OCD/perfectionist hoarding is characterized by the diagnosis of obsessive-compulsive disorder, resulting in perfectionist tendencies. This type of hoarder may exhibit perfectionist tendencies in several facets of life while not in others. Interestingly, many hoarders are perfectionists. They tend to have a fear of making the wrong decisions about what to keep and what to throw away, resulting in an unhealthy accumulation of items in their homes.
The term “animal hoarding” refers to a compulsive need to obtain and collect animals. This typically extends from a compulsive need to care for the animals but generally results in an accidental injury to or unintended neglect of the animals in the care of the hoarder. These are considered some of the most severe cases of hoarding.

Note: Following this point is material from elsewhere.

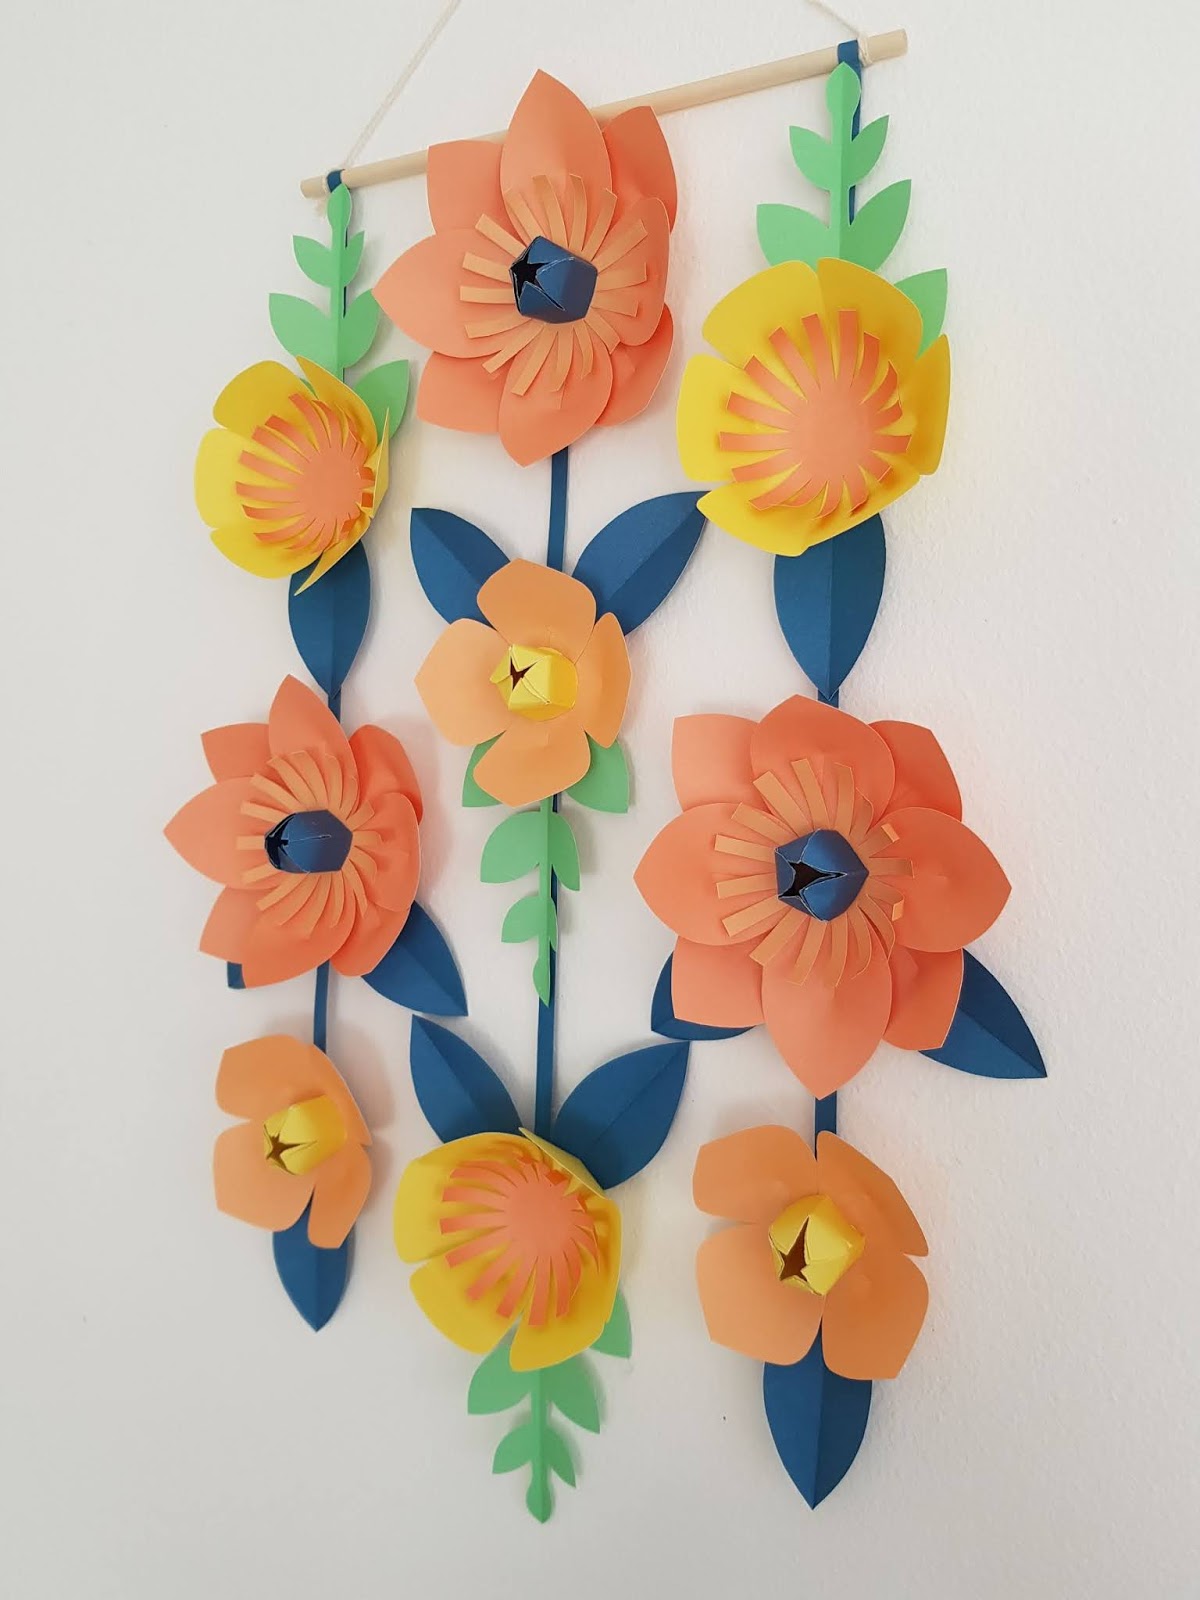 A Playful Stitch: Paper Flower Wall Hanging
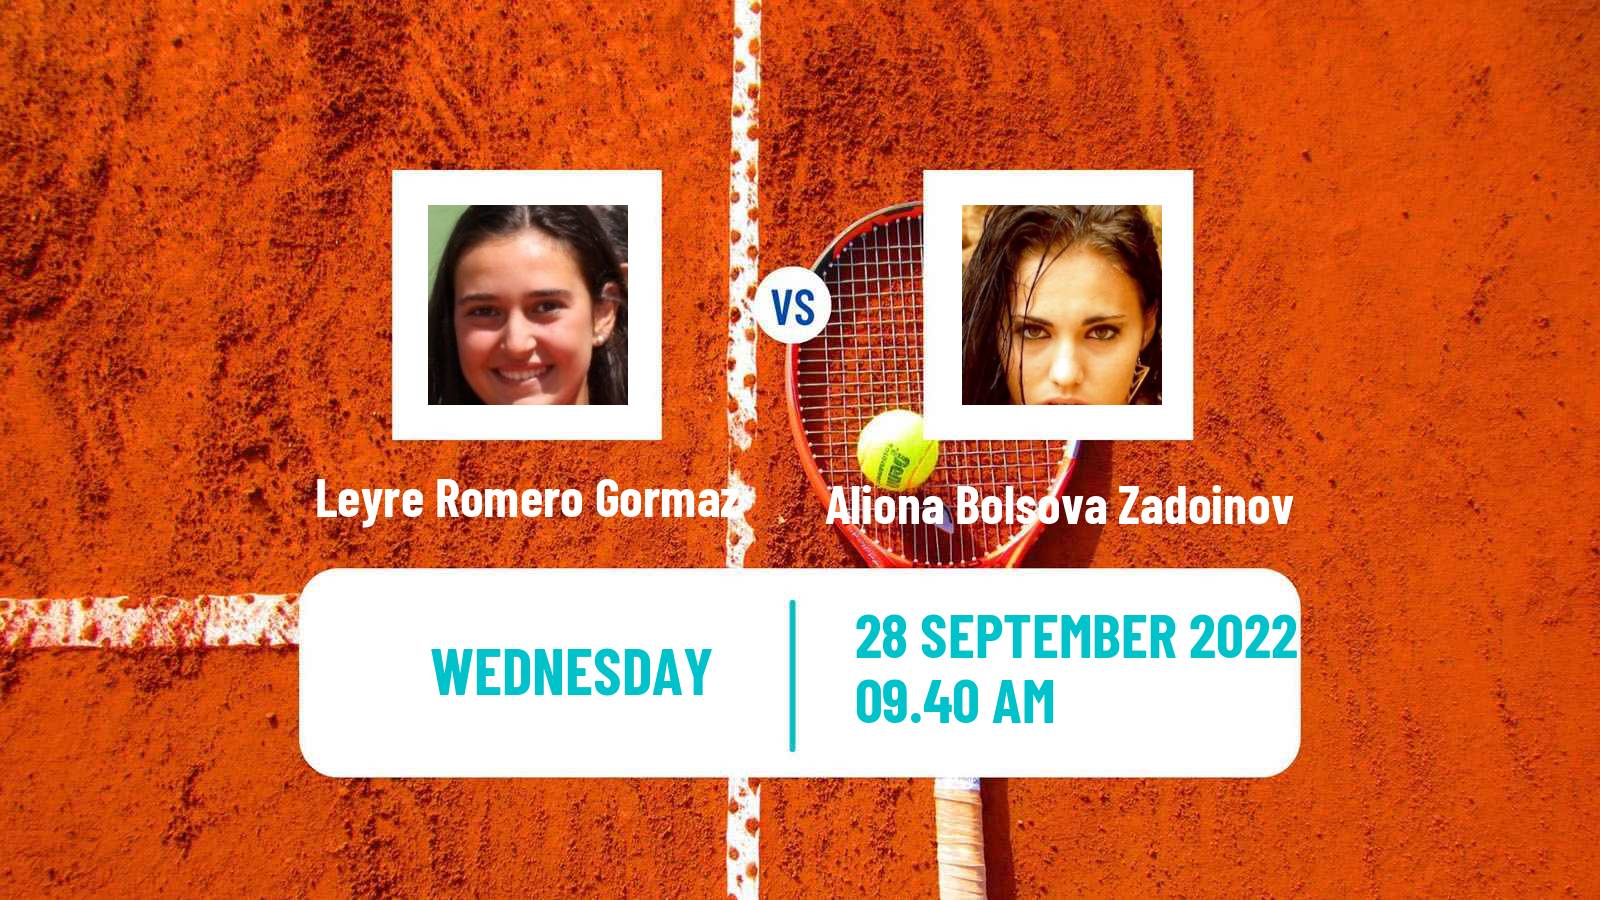 Tennis ITF Tournaments Leyre Romero Gormaz - Aliona Bolsova Zadoinov

Risk Factors for Hoarding Disorder
There are a number of risk factors associated with a greater chance of developing a hoarding habit. When taking these risk factors into account, it is much easier to get inside the mind of a hoarder and makes it easier to determine the reasons that hoarders develop their behaviors. Here are a few of the most common risk factors associated with hoarding disorder:
- Comorbidity: Comorbidity is one of the most common risk factors for the emergence of hoarding behaviors. After all, an overwhelming number of hoarders also experience other mental health disorders. These include anxiety disorders, depression, attention-deficit/hyperactivity disorder, and, most commonly, obsessive-compulsive disorder.
- Personality: Personality is also thought to play an important role in whether or not an individual develops a compulsive hoarding problem. Most notably, many people with a hoarding problem exhibit particularly indecisive personalities. This may play into the fact that they have difficulty deciding on which items to discard of, resulting in an accumulation of items.
- Family History: As highlighted previously, there is much scientific evidence to suggest a genetic link in the emergence of hoarding behaviors.
- Stressful Life Events: Finally, some individuals develop compulsive hoarding disorder due to stressful life events. These stressful life events created a situation in which the individual had a lot of difficulty coping and may include divorce, eviction, or the death of a loved one.